## Problem to work on
Begin at the line containing "Thank you to all my followers" and restate it and each line after it exactly, up to and including the last line below. Leave pictures out.

== Data segment

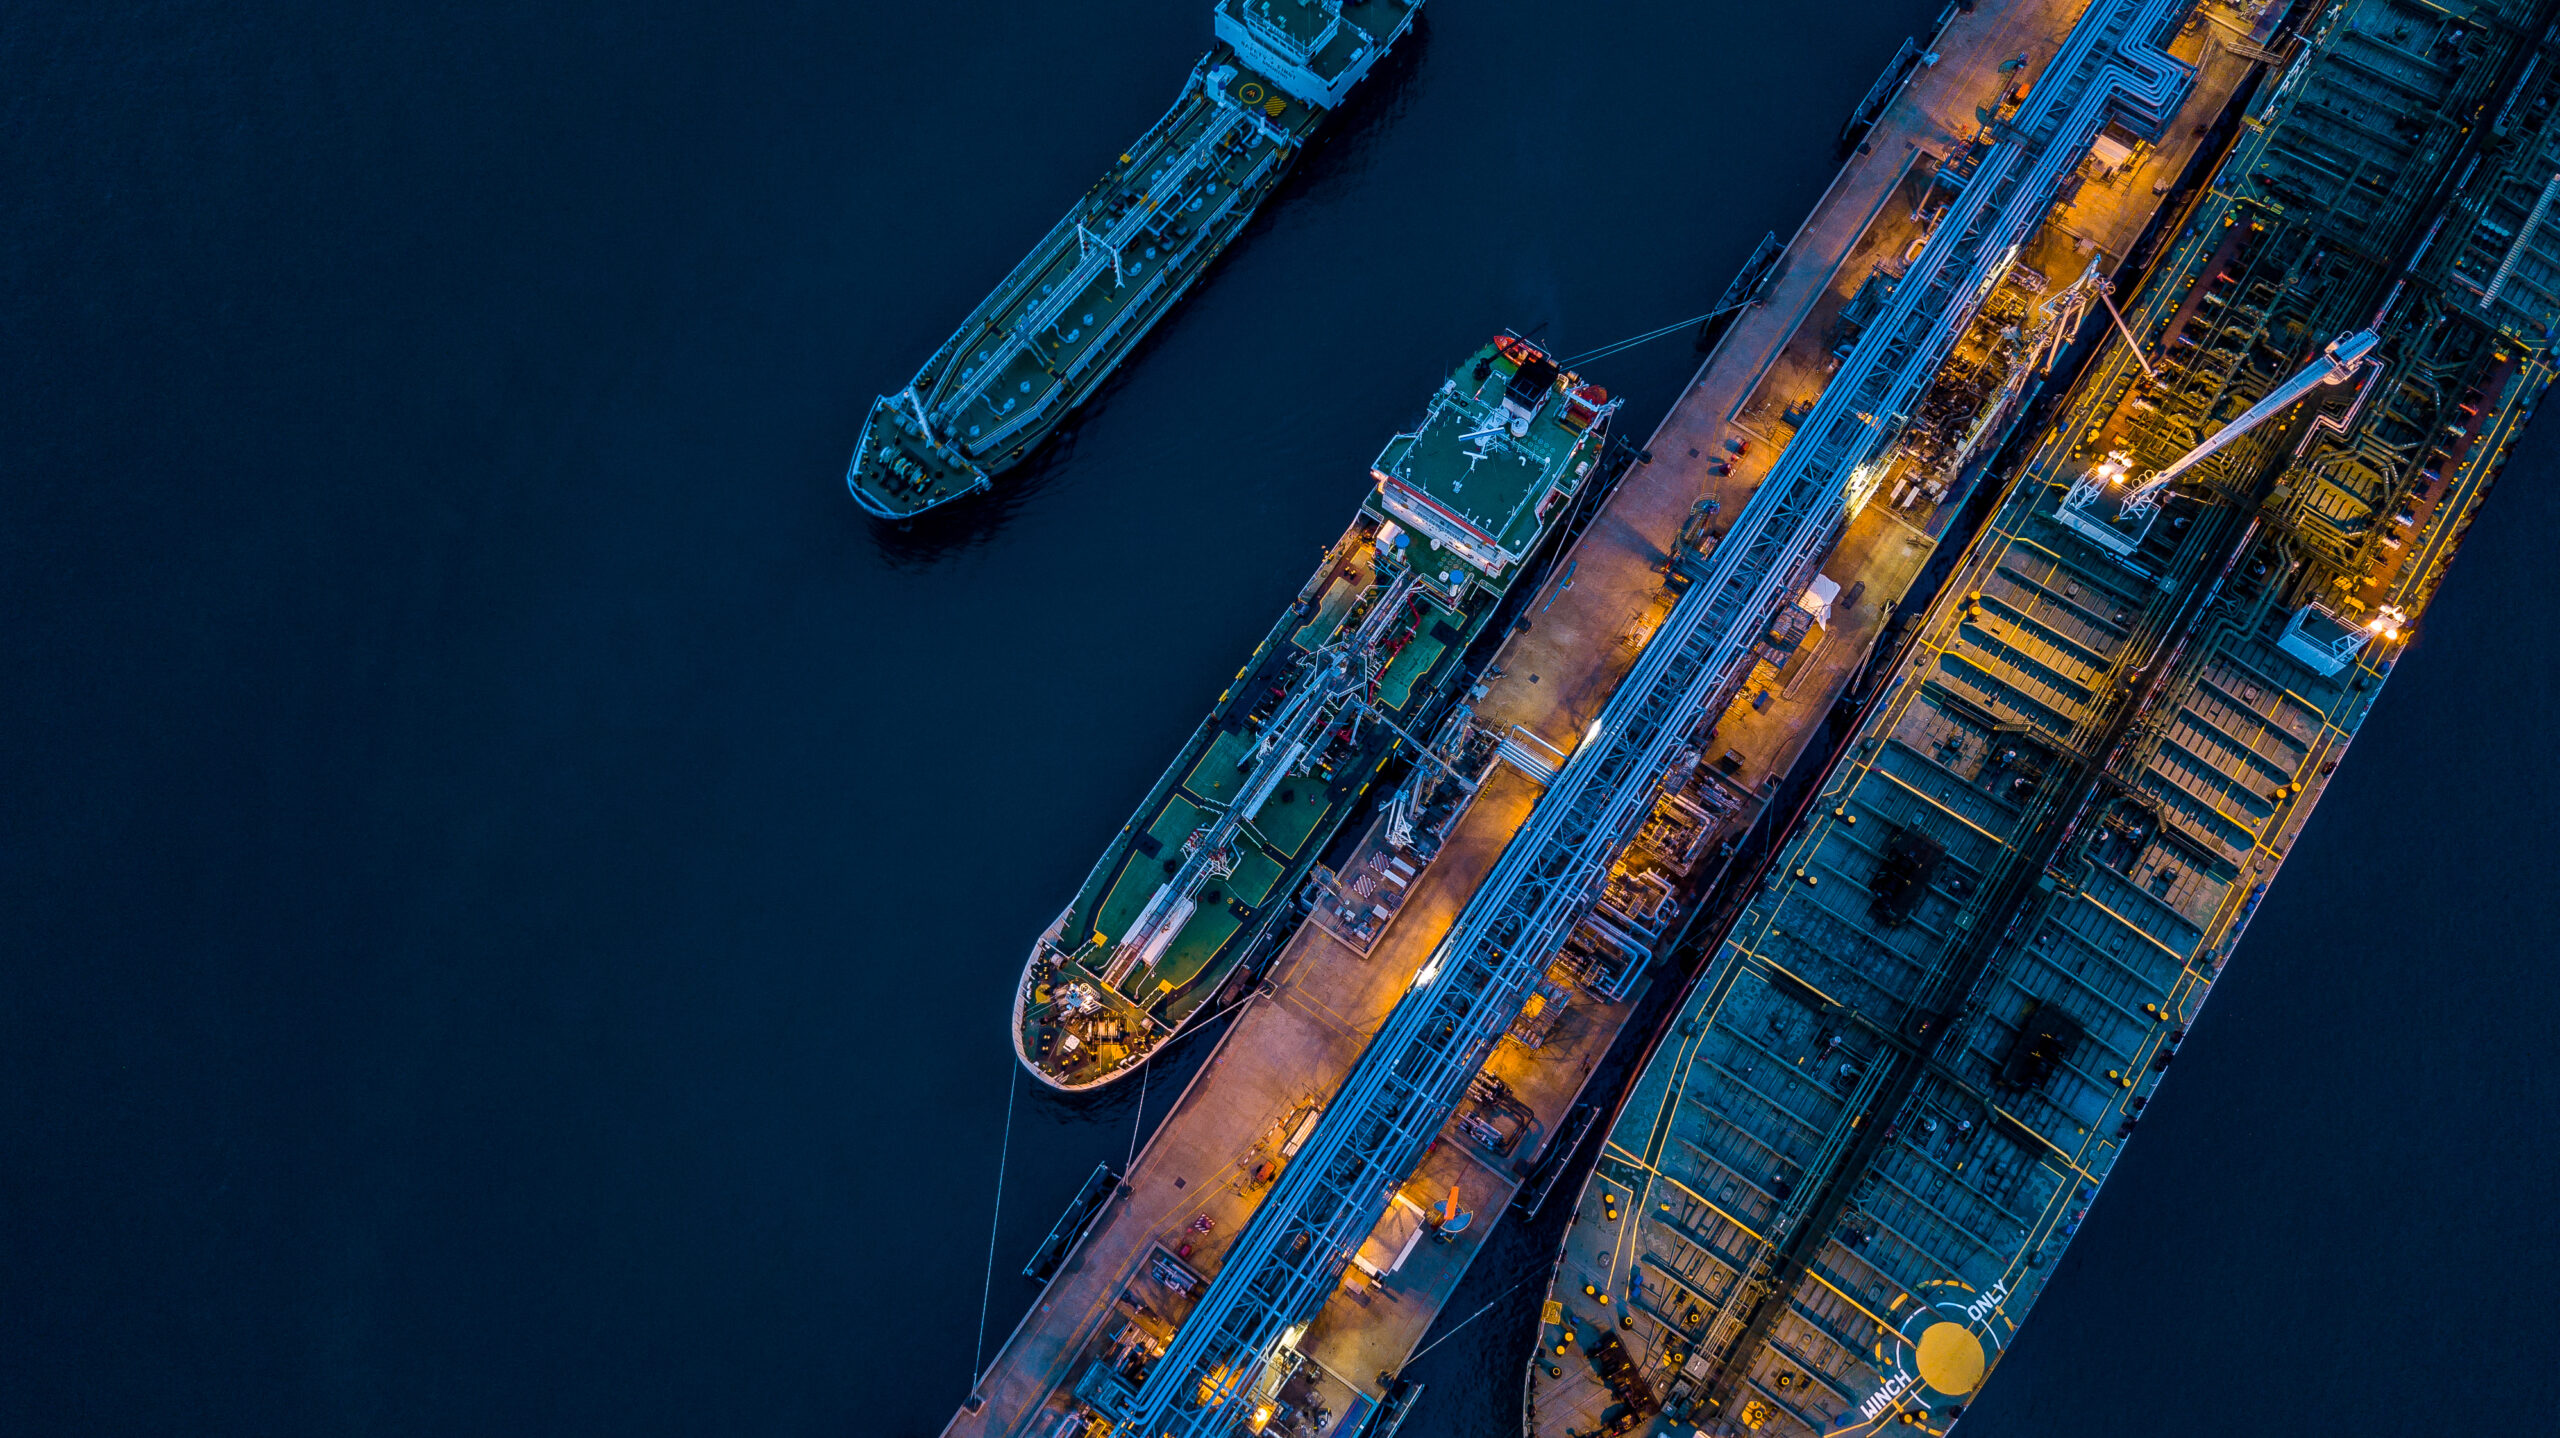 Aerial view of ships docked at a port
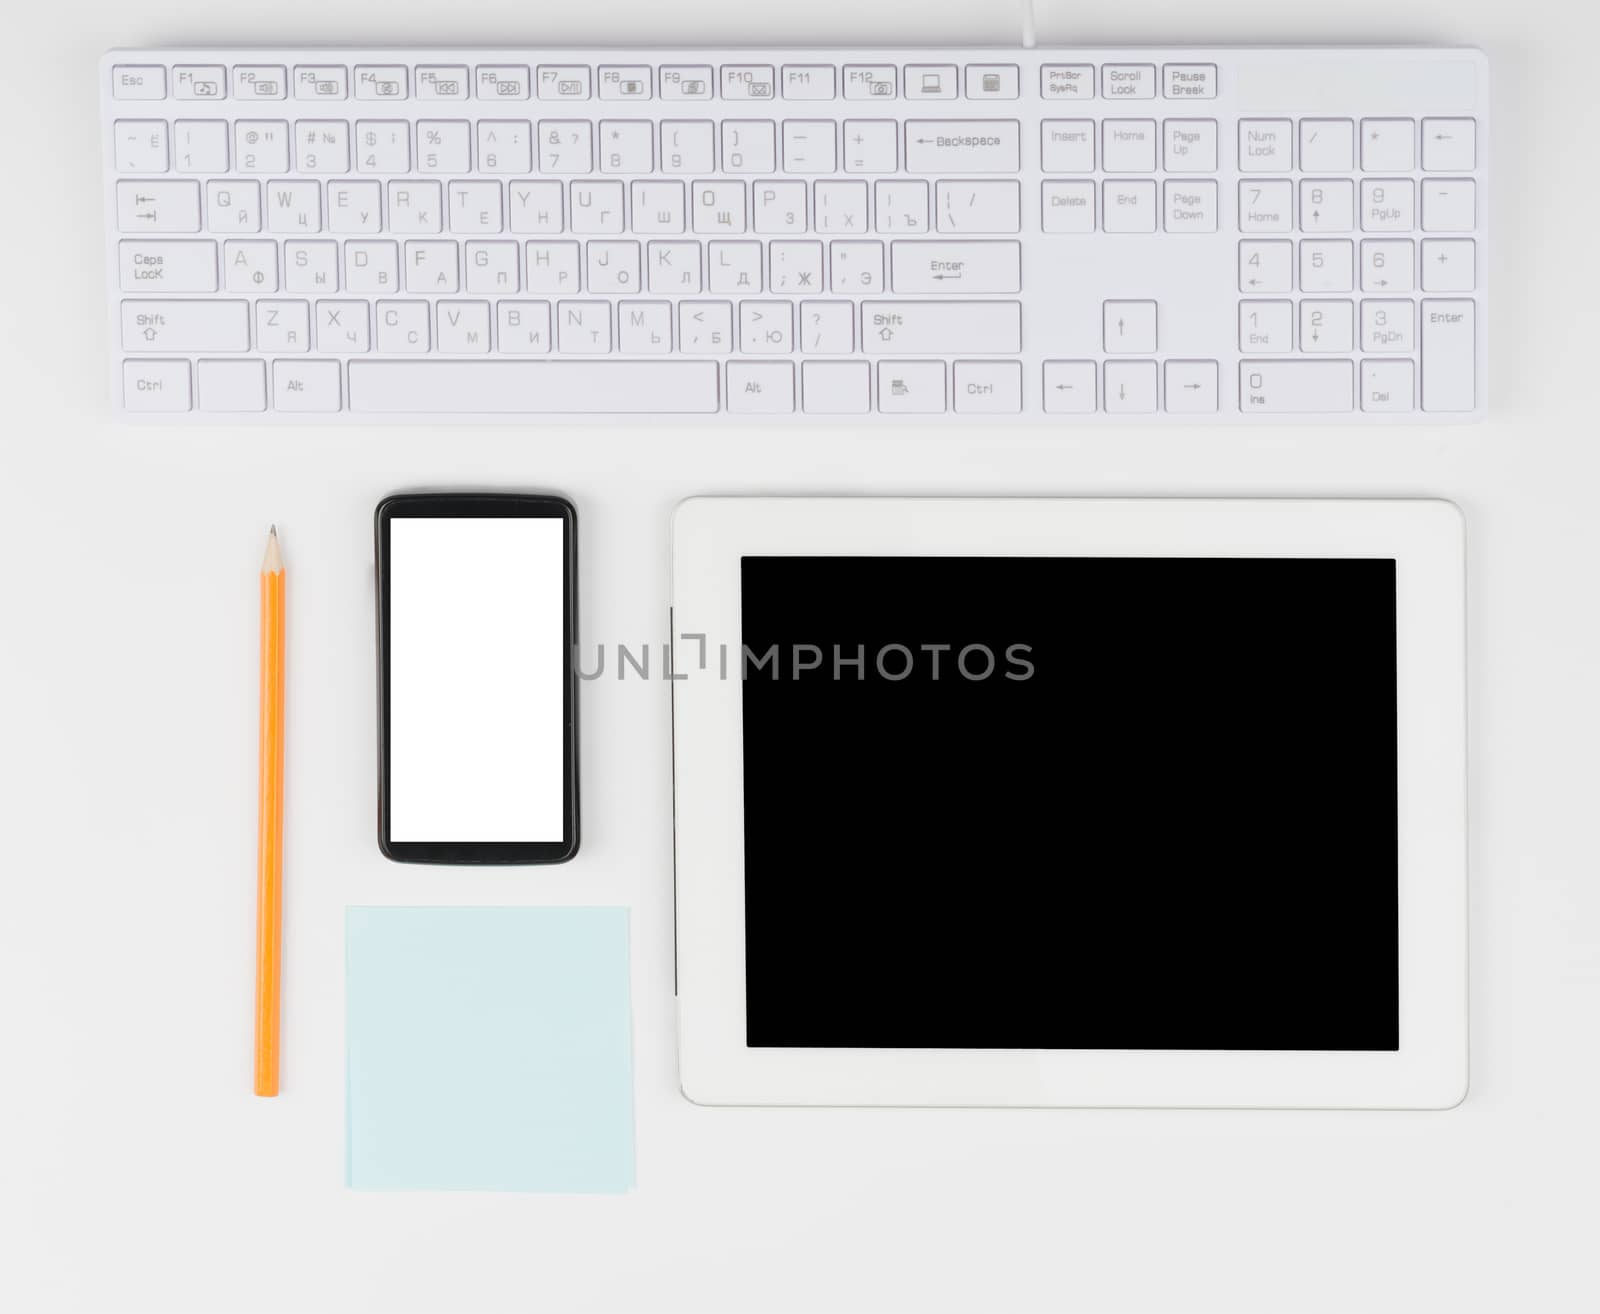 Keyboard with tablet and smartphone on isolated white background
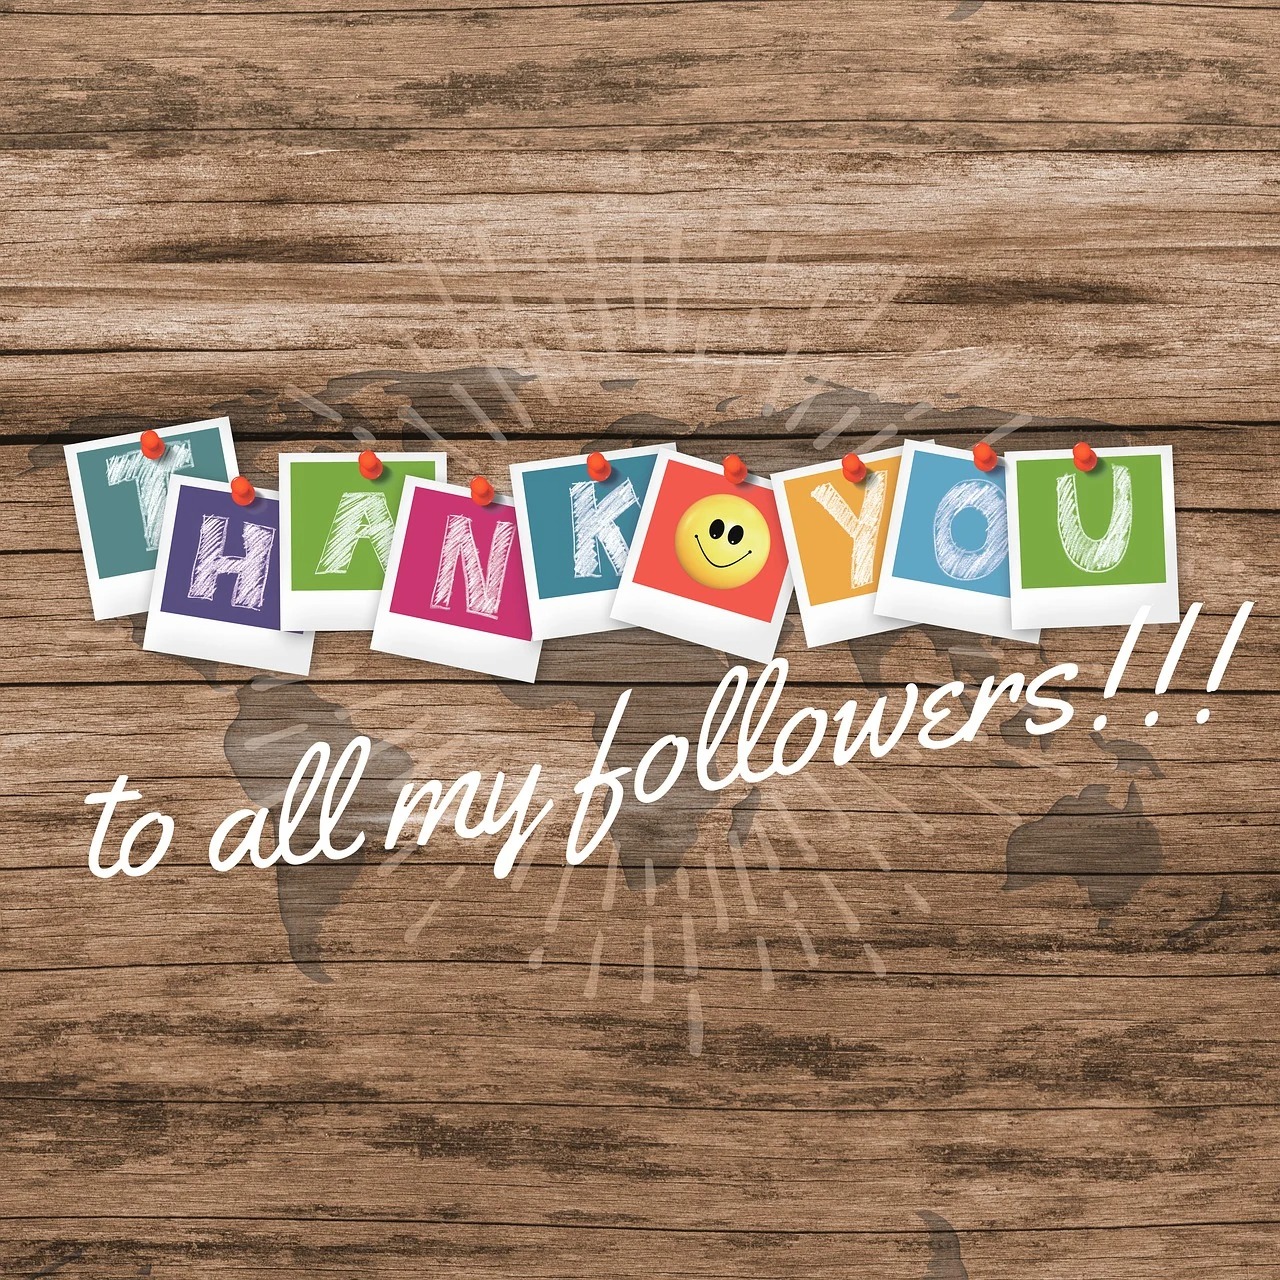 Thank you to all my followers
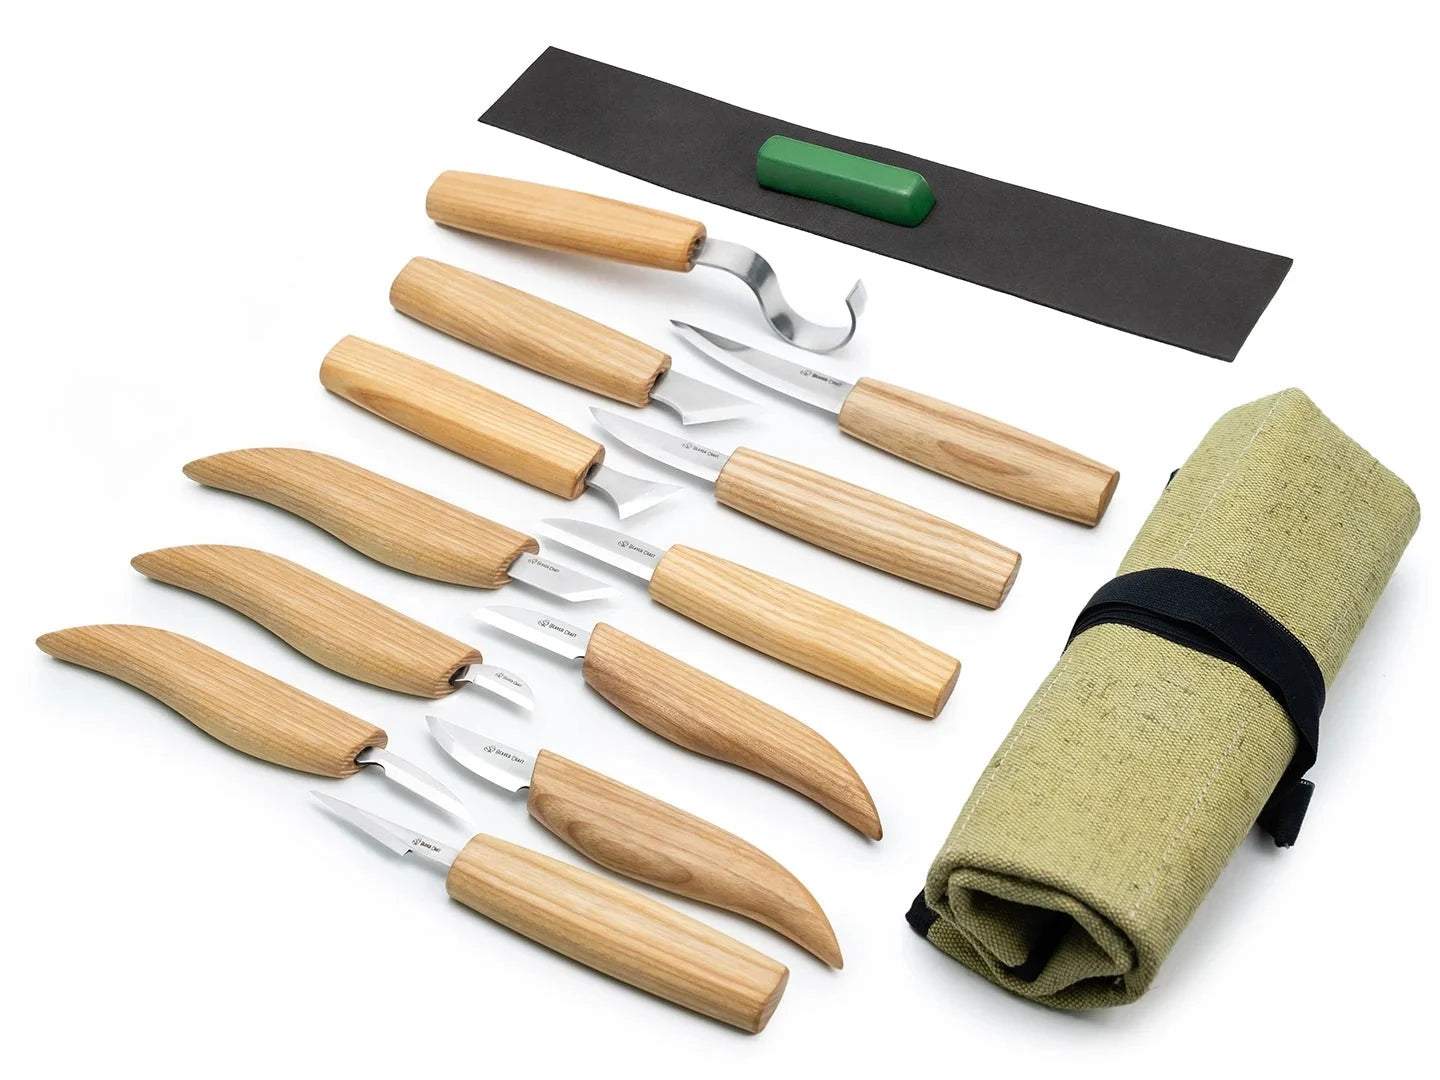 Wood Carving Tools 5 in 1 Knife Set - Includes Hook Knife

====

## Answer to this problem
 Thank you to all my followers
 Wood Carving Tools 5 in 1 Knife Set - Includes Hook Knife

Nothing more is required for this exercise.